13 Replies Latest reply on Mar 25, 2017 4:40 AM by Glenn Kuly

    Could we, and how to, use table calculation instead of a simple agg measure to calculate the upper/lower bounds in Control Chart?

    co lam

      Hello,

      I would like to create a control chart for my job assignment.  The data set is number of students who passed/failed/Did not complete in each course. From these raw counts, I can find out the percentage of each group in each course.  The percentage of the passed group is the completion rate. The objective of my job assignment is to create a KPI to identify courses with extremely high/low completion rates.

      1.png

      The problem I have now is I don’t know how to use this table calculation to calculate the upper/lower limits (the threshold of high/low completion rates).  If it’s not a table calculation but a simple agg measure like AVG(GPA), then I can apply the following calculation to find out the upper/lower limits like this one I did:

              2.png

       

      Could someone guide me through how to use the table calculation (completion rate %) to calculate the upper/lower limits?

      I also tried to drag the table calculation (completion rate %) into Measure Values area and turned it into a measure field.  But when I applied the formula / calculation on it, the result is not right at all. 

      I know that the completion rate is based on completion types. So I chose Results are computed along Table (completion types).  But still didn't work, the line is 1, which is totally wrong. 

       

       

      For now, I relied on the Analytics tool / Distribution Band /Average/Standard Deviation.  But I cannot use the SD to create parameter and then a KPI. (To identify courses with high and low completion rate).

        

      3.png

      Since the data contains student info, I can't share the workbook.

       

      Sincerely,

      CO

        • 1. Re: Could we, and how to, use table calculation instead of a simple agg measure to calculate the upper/lower bounds in Control Chart?
          Joe Oppelt

          Post a workbook with sample data.

           

          You'll get the table calc to work if you do the right setting in the table calc settings, but the right setting depends on what is on your sheet.

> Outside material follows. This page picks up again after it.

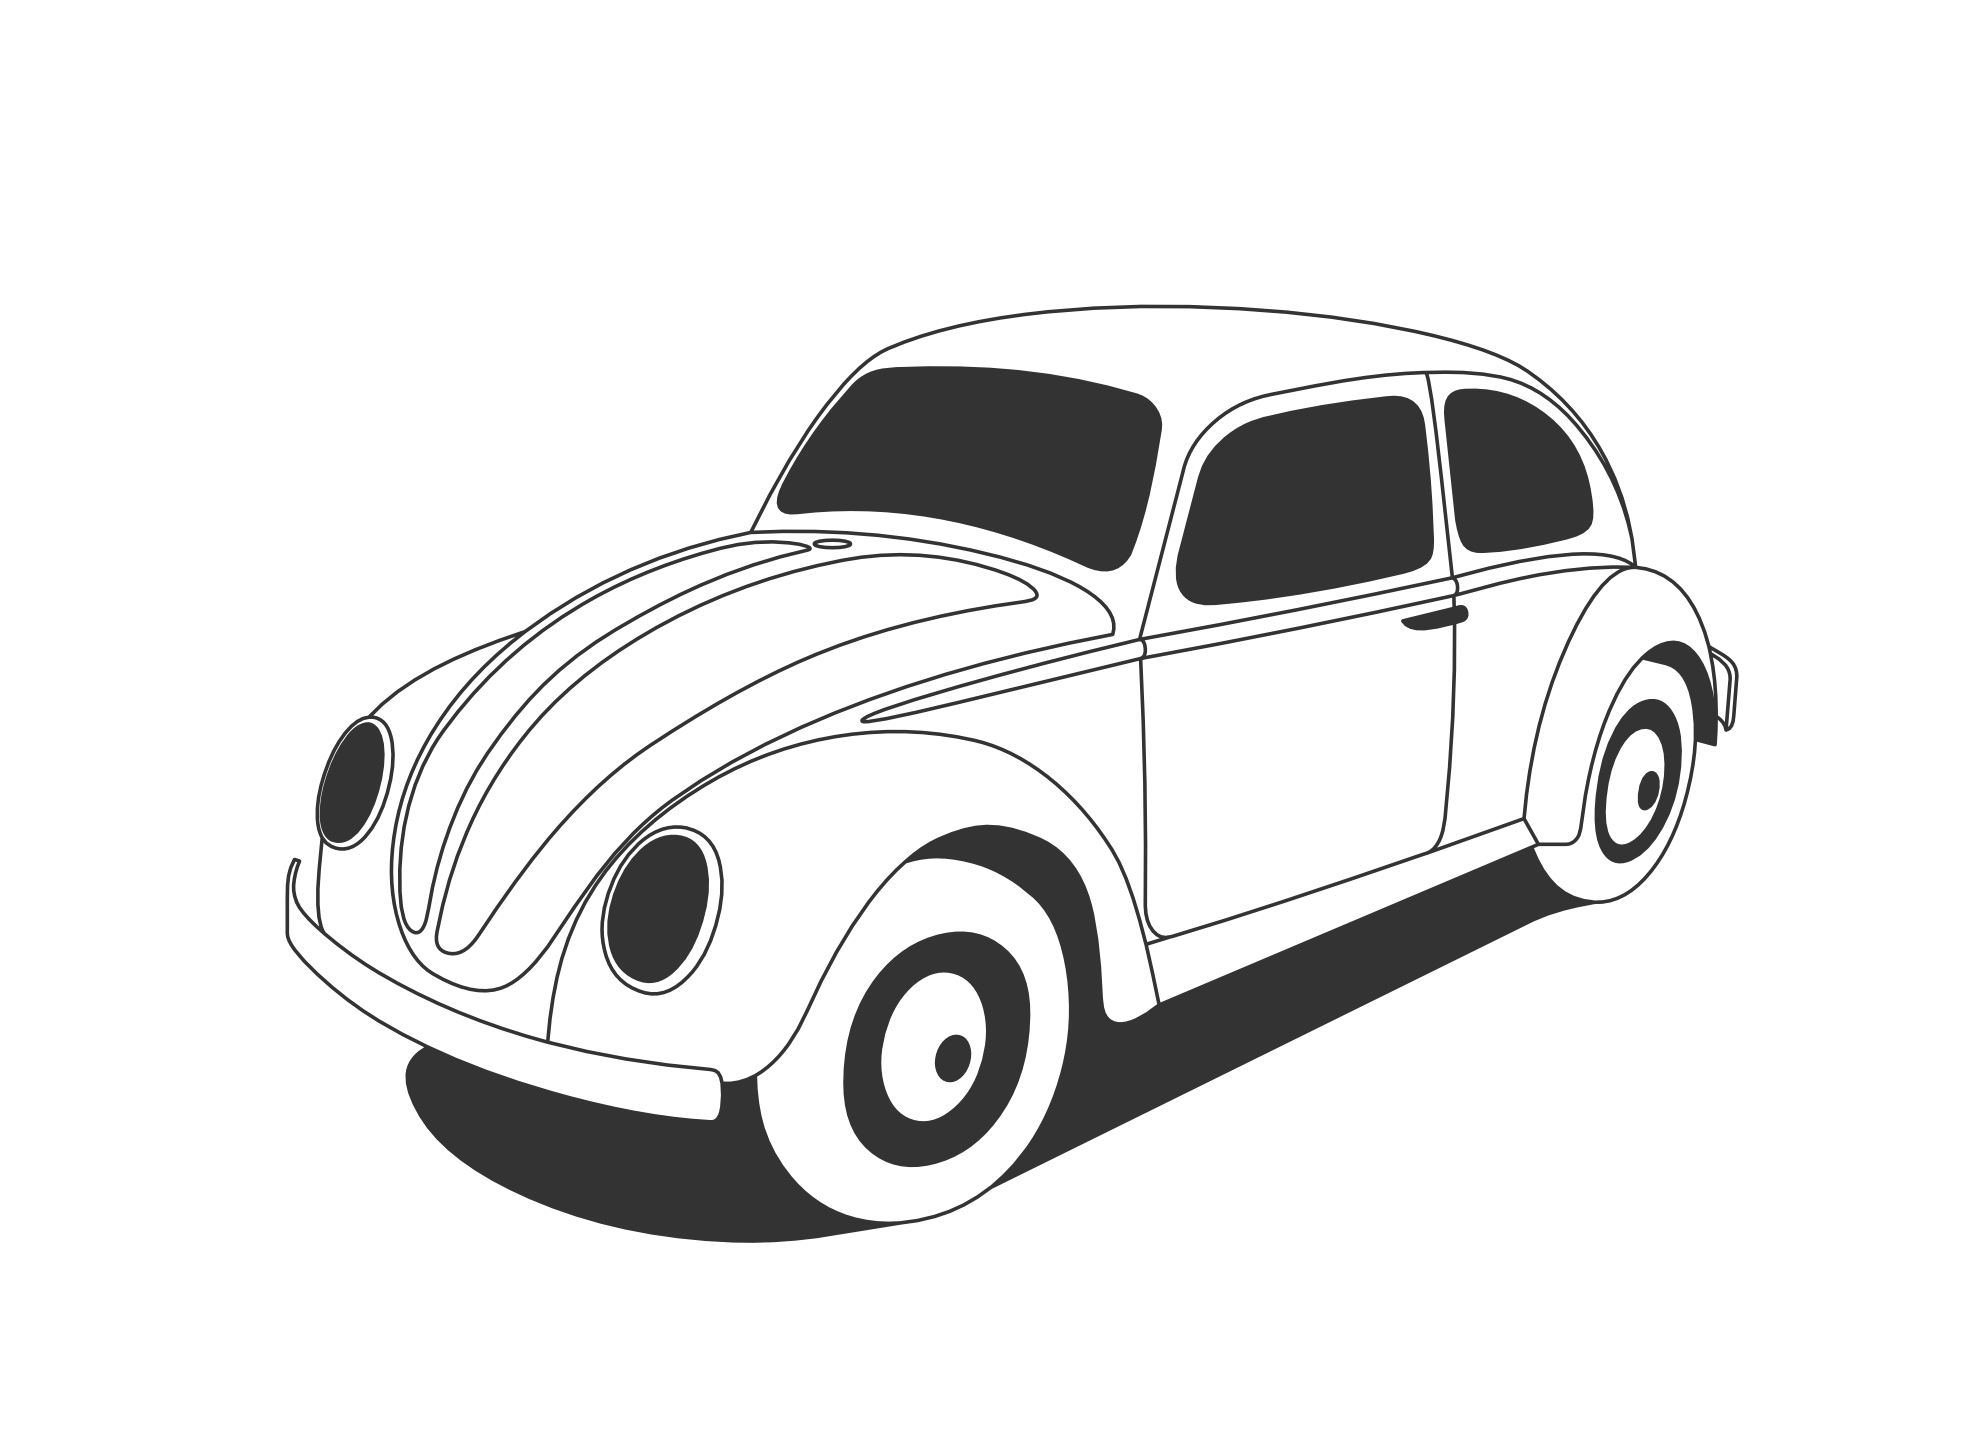 Vw Beetle Classic Black White Line Art Coloring Sheet Colouring Page

          • 2. Re: Could we, and how to, use table calculation instead of a simple agg measure to calculate the upper/lower bounds in Control Chart?
            co lam

            Hi Joe,

            As suggested, I have created a fake data and workbook to show my problems.

            Could you please take a look at it and show me my mistakes and the right

            way to do it?

            Thanks.

            On

             

             

            On Fri, Mar 17, 2017 at 2:59 PM, Joe Oppelt <tableaucommunity@tableau.com>

            • 3. Re: Could we, and how to, use table calculation instead of a simple agg measure to calculate the upper/lower bounds in Control Chart?
              Joe Oppelt

              Let's take this one step at a time.

               

              Understand that I am not sure of the math that you are doing in there, so you'll need to guide me through the logic while I guide you through the mechanics.

               

              If I understand correctly, you are thinking of generating an upper bound reference line, and a lower bound reference line.  Do you want one line overall?  Or one line per [Completion type]?  It will change how we manipulate the table calc settings.

               

              Is your [Calculation1] calc achieving correct values the way you uploaded the example?  I am working on the assumption that it is.

               

              I think (but I'm not sure) that you need your standard deviation portion of your calculation to operate in the same way you want Calculation1.  So I separated out that one piece of the [Lower...] and [Upper...] calcs into its own calc. [Calculation1] is running along a specific dimension ([Completion types]) but you need the [... bound] calcs to run along the course names (or, more generically, TABLE(across) on this sheet.)


              Do "Edit Table Calc" on [Lower bound] in the Measure Values panel.  Near the top of the edit dialog box you will see a section for "Nested Calculations".  By default it lists the named calc at the top of the puldown list, but all the table calcs that are involved in this calc are also listed.  You can set one calc with one setting, and another with a different setting.  In this case I have [Lower bound] set as Table(across), but [Calculation1] and [Window StDev as running along the [Completion Types] Dimension.  This results in a separate line for each Completion type.

               

              We still have 30 nulls because there are 6 marks per course, and 5 courses that have only 100% values are not calc-ing lower and upper bounds.  6 x 5 is 30.  I'm pretty sure I'm still not directing the use of one or more of the table calcs appropriately for what should be happening here.  But the first step in what you need to do with all this is to understand that you can tell a nested table calc to operate one way for part of the operation and another way for some interior table calc that is a component of the overall calc.

               

              Another thing we can look at once we get the calc directions straight is the way you are aiming to depict this viz.  What I am guessing is that once you have this worked out, you'll make it dual axis.  We also have the concept of "Reference Lines".  You can add reference lines to an axis (in this case the [Calculation1] axis.  I just want to put that out there.  Dual axis is also fine, and, in fact, I think it gives you more flexibility in formatting and coloring.

               

              Anyway, let's build off of what I have attached here.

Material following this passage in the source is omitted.